■ Exercise data:
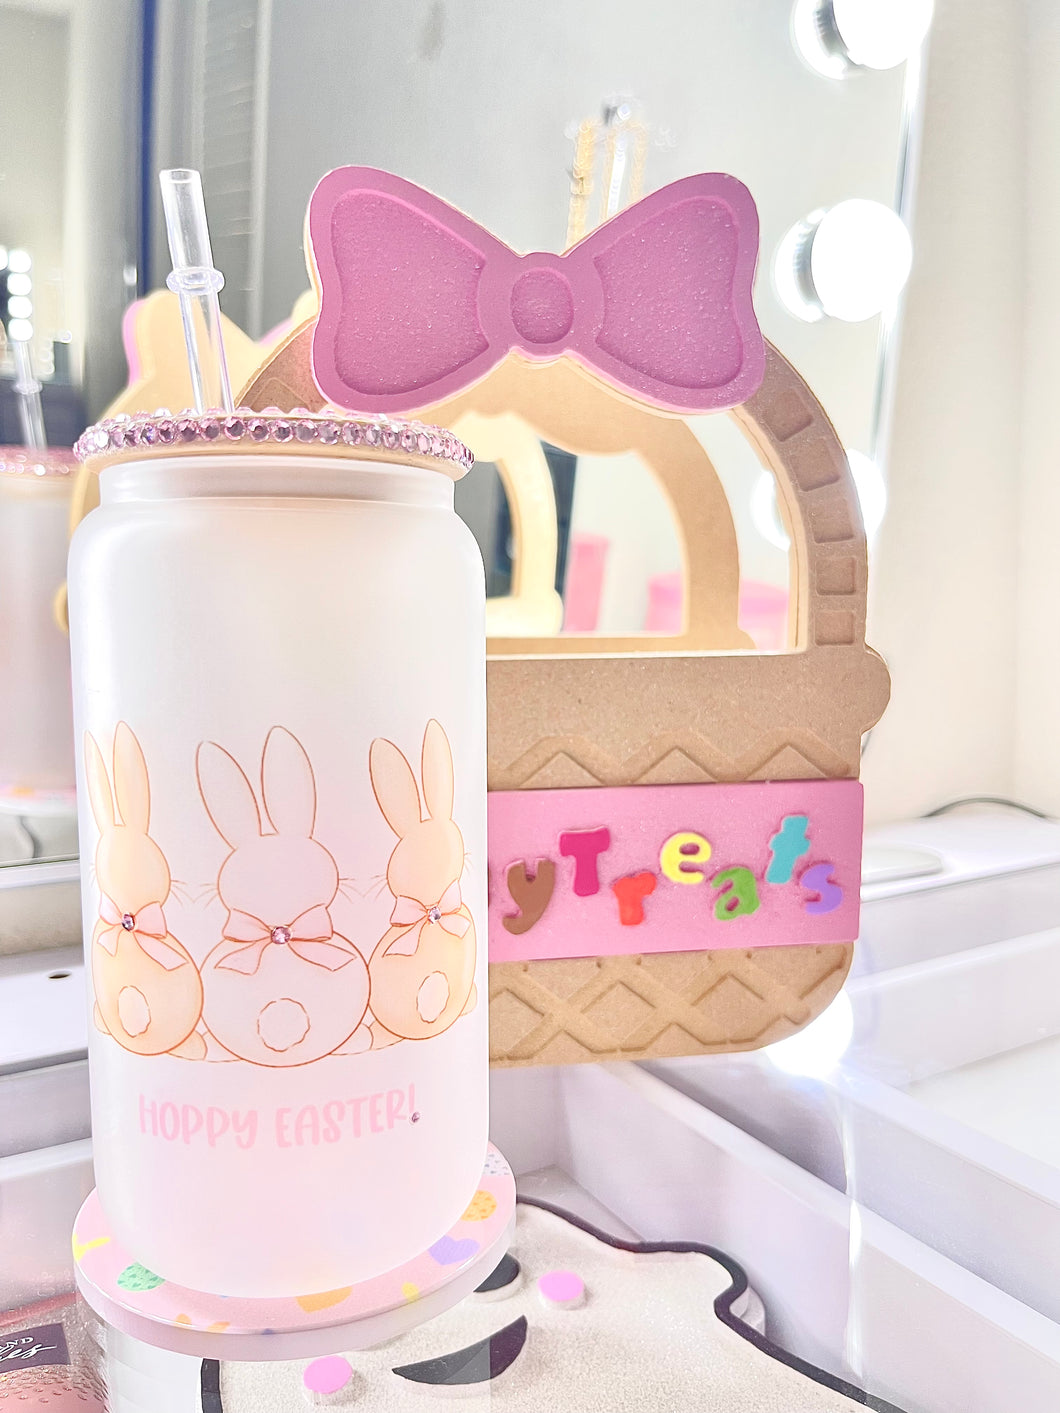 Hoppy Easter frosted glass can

--

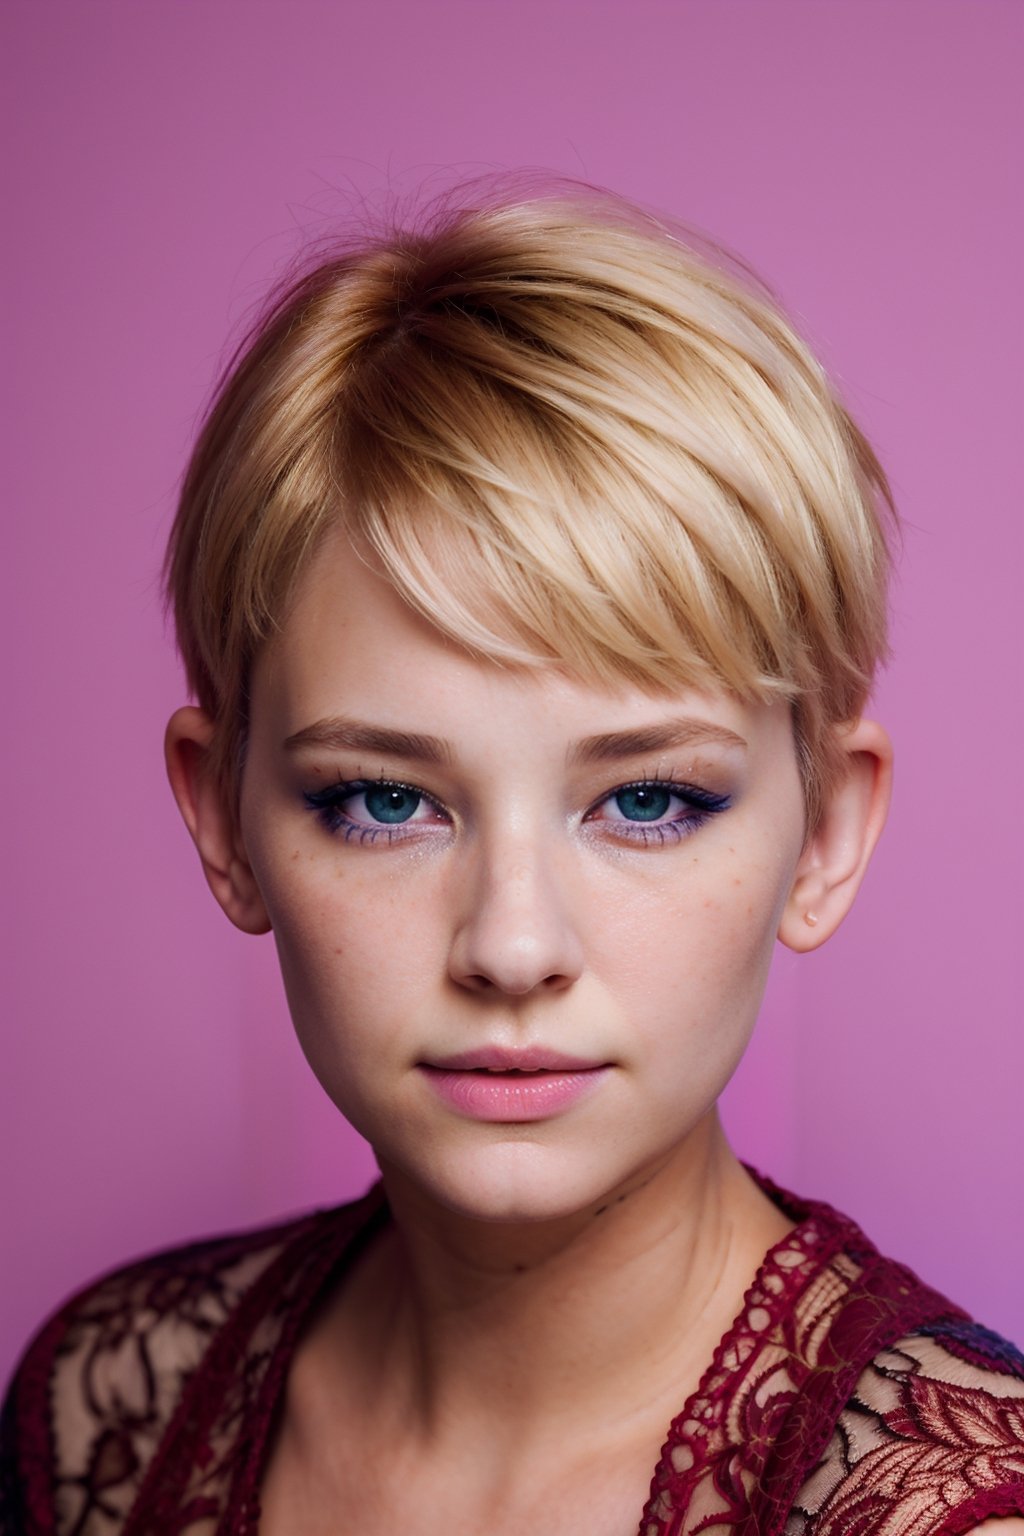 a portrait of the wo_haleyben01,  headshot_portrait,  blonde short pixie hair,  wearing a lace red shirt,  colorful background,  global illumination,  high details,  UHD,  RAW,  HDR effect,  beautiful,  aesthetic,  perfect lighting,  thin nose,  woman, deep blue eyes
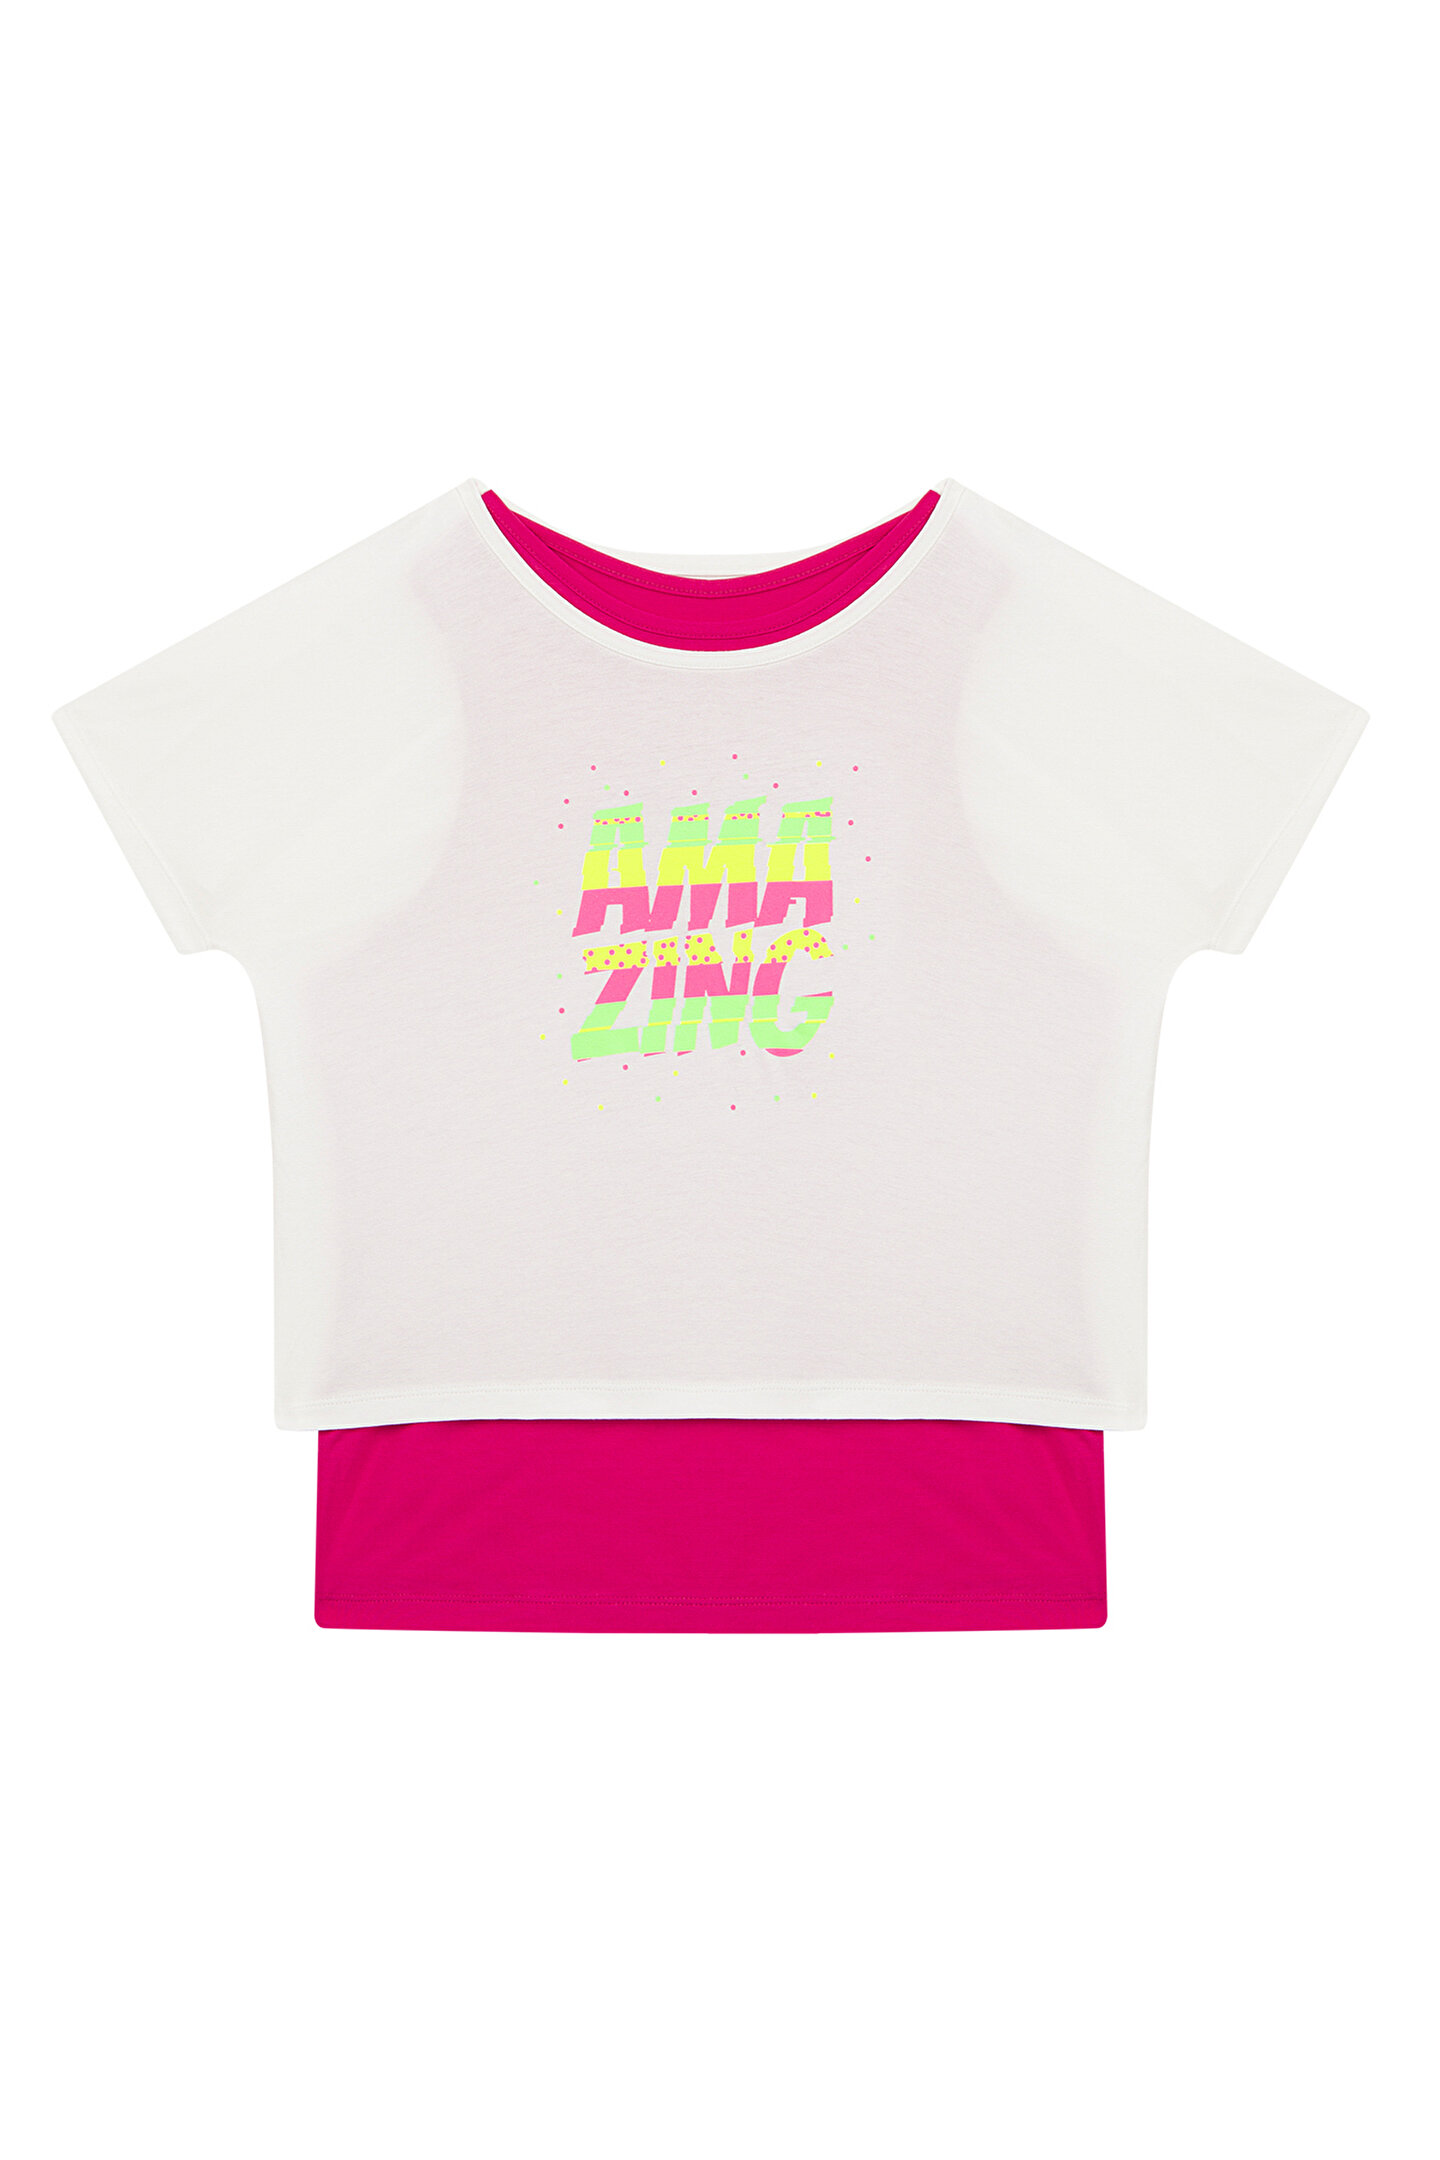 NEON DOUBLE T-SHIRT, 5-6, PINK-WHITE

■ About this task: An exact copy is needed of the stretch above that opens with the line containing "a portrait of" and closes with the line containing "NEON DOUBLE T-SHIRT, 5-6, PINK-WHITE"; the pictures are not part of it.

■ Response to the task:
 a portrait of the wo_haleyben01,  headshot_portrait,  blonde short pixie hair,  wearing a lace red shirt,  colorful background,  global illumination,  high details,  UHD,  RAW,  HDR effect,  beautiful,  aesthetic,  perfect lighting,  thin nose,  woman, deep blue eyes
 NEON DOUBLE T-SHIRT, 5-6, PINK-WHITE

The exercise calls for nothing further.